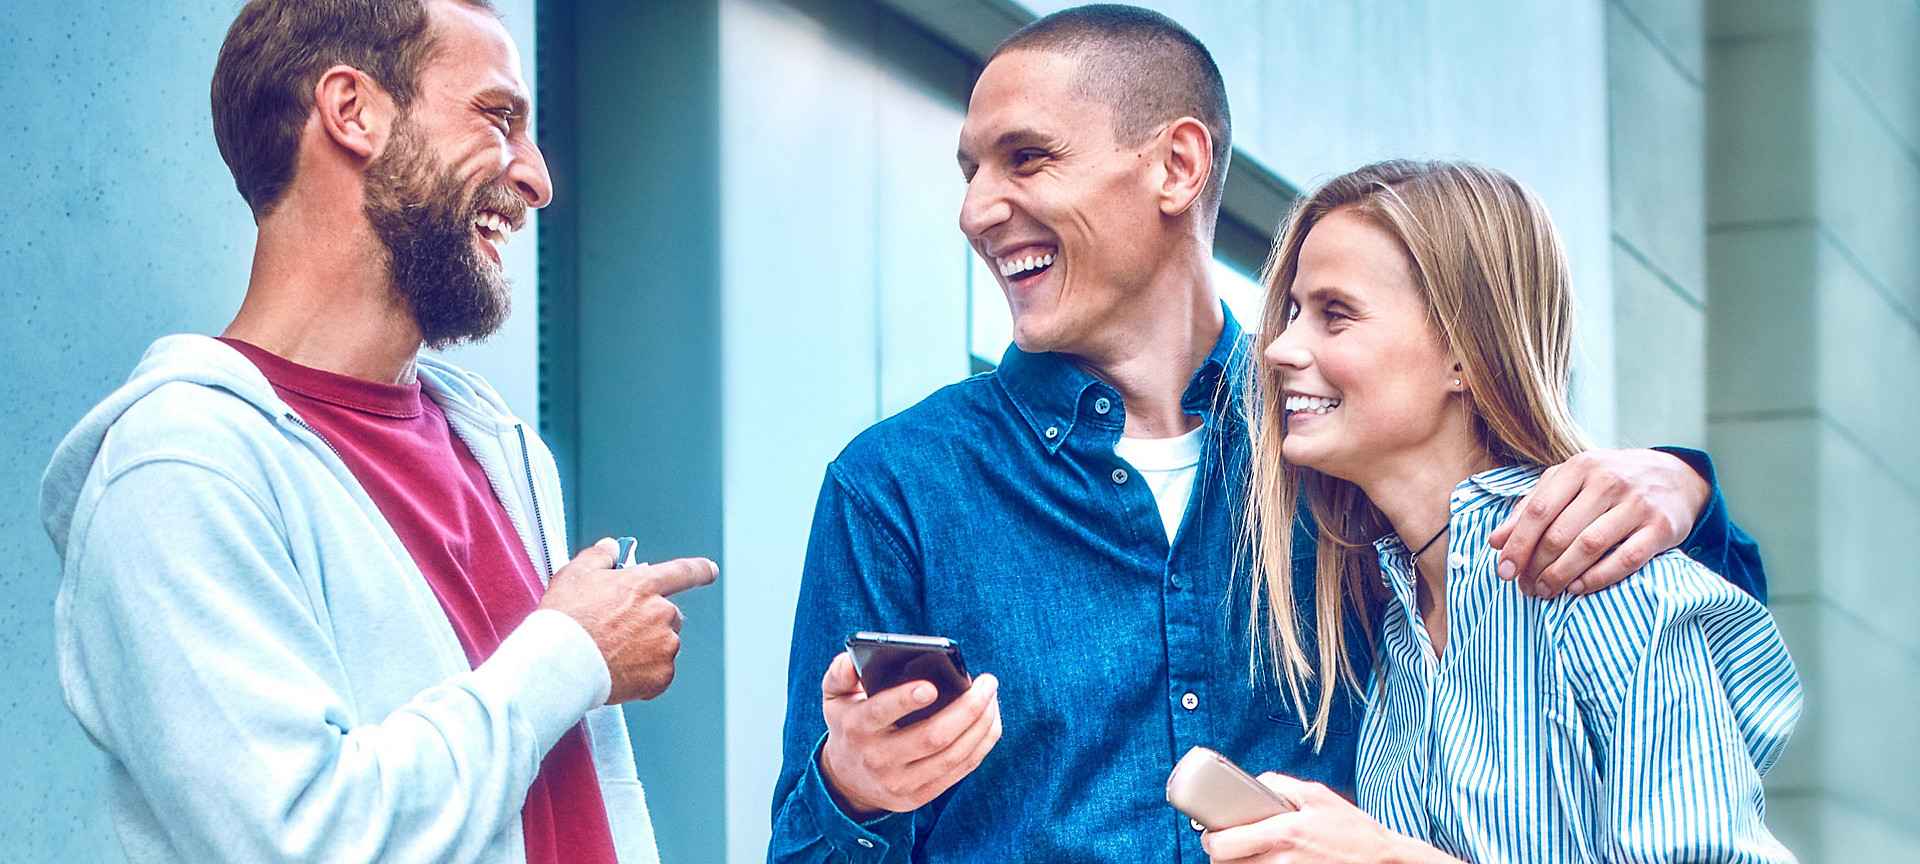 Dos personas que sostienen dispositivos IQOS ILUMA sonríen mientras su amiga mira la aplicación de IQOS en su teléfono móvil.
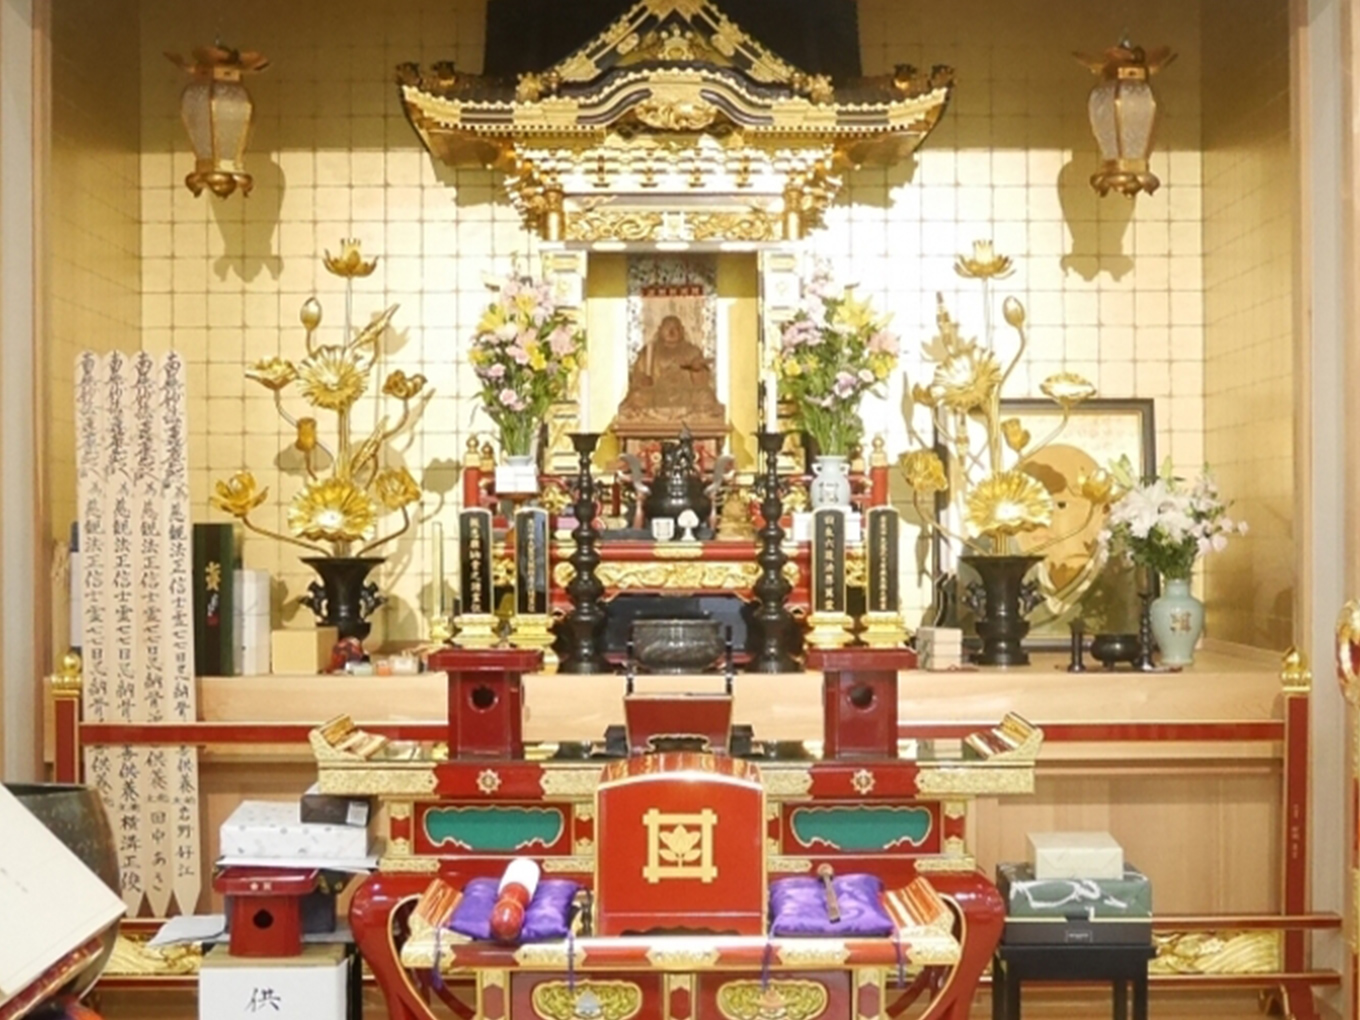 千葉で葬儀・葬式・家族葬が税込10.45万円からできる小さな森の家 妙恩寺の外観
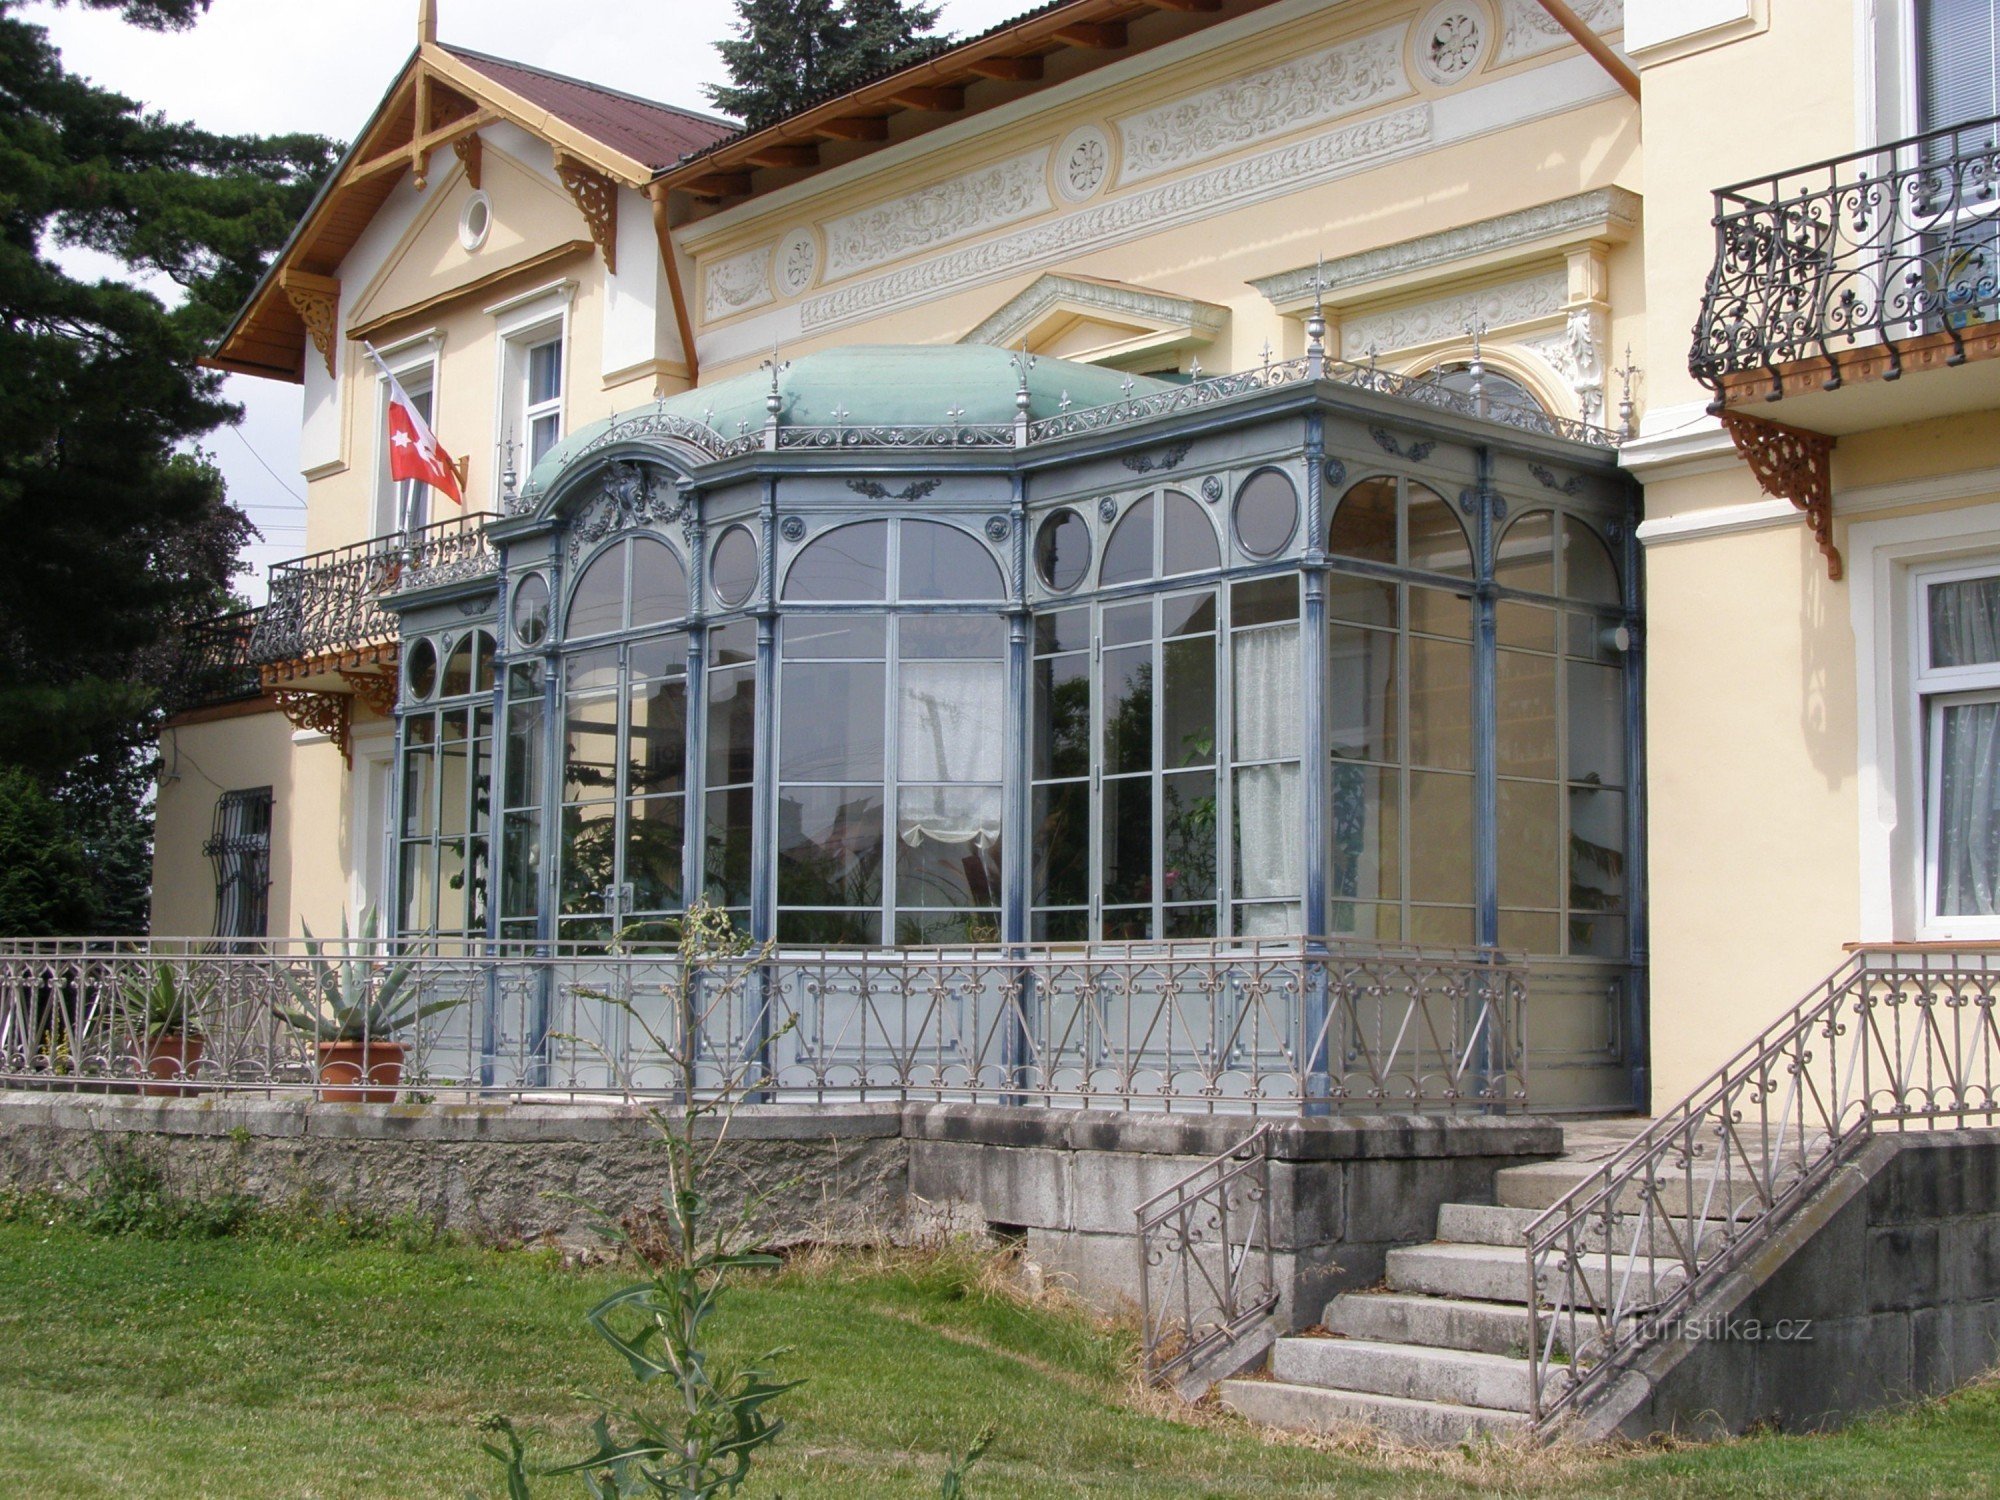 Javorník - bảo tàng, trung tâm văn hóa thành phố

### ASSIGNMENT
Only the lines from the one with "千葉で葬儀・葬式・家族葬が税" through the last line above belong in the answer. Reproduce them exactly, without the pictures.

### FINISHED TASK
 千葉で葬儀・葬式・家族葬が税込10.45万円からできる小さな森の家 妙恩寺の外観
 Javorník - bảo tàng, trung tâm văn hóa thành phố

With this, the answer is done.